Return the following from the records below: each line, word for word, starting with the line that contains "Groot kanaal - Venetië Italië" and going on through the line that contains "Amazon archer design", with nothing outside that range.

--- Data extracts ---

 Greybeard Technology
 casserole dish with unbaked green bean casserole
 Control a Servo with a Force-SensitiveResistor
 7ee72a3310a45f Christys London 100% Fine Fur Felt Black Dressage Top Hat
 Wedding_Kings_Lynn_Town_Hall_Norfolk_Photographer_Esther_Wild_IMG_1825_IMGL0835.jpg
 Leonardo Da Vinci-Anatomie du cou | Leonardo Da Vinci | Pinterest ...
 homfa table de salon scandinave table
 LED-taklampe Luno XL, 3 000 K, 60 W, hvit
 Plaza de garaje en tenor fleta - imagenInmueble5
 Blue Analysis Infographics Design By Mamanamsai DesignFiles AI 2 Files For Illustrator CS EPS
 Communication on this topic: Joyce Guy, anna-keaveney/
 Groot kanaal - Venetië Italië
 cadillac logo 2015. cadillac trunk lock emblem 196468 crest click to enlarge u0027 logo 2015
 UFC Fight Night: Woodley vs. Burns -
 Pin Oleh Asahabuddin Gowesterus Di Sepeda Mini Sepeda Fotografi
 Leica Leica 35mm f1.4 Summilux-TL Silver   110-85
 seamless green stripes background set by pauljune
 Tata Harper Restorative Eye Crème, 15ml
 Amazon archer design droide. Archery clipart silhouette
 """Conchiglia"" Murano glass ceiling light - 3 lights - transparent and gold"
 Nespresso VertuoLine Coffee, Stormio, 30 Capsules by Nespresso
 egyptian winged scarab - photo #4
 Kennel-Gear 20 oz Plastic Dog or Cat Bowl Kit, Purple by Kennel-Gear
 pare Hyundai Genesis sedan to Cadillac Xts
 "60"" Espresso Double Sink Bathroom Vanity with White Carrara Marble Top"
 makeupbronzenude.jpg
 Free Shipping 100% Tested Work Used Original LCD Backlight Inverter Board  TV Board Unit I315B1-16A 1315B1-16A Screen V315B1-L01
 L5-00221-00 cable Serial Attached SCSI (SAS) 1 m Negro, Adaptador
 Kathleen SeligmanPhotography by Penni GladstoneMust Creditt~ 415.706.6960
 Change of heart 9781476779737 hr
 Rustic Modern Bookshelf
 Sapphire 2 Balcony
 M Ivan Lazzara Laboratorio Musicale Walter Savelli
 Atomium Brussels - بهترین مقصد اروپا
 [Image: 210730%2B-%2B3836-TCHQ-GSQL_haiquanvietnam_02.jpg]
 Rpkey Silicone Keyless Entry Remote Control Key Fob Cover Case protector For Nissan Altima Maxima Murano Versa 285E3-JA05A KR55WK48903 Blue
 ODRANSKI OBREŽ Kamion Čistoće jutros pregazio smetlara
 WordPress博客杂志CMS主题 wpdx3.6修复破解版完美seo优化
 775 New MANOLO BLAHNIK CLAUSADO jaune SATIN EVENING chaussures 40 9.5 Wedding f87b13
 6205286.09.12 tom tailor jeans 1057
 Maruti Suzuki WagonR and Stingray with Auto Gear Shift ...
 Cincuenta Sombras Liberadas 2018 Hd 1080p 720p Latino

---

## Solution below
 Groot kanaal - Venetië Italië
 cadillac logo 2015. cadillac trunk lock emblem 196468 crest click to enlarge u0027 logo 2015
 UFC Fight Night: Woodley vs. Burns -
 Pin Oleh Asahabuddin Gowesterus Di Sepeda Mini Sepeda Fotografi
 Leica Leica 35mm f1.4 Summilux-TL Silver   110-85
 seamless green stripes background set by pauljune
 Tata Harper Restorative Eye Crème, 15ml
 Amazon archer design droide. Archery clipart silhouette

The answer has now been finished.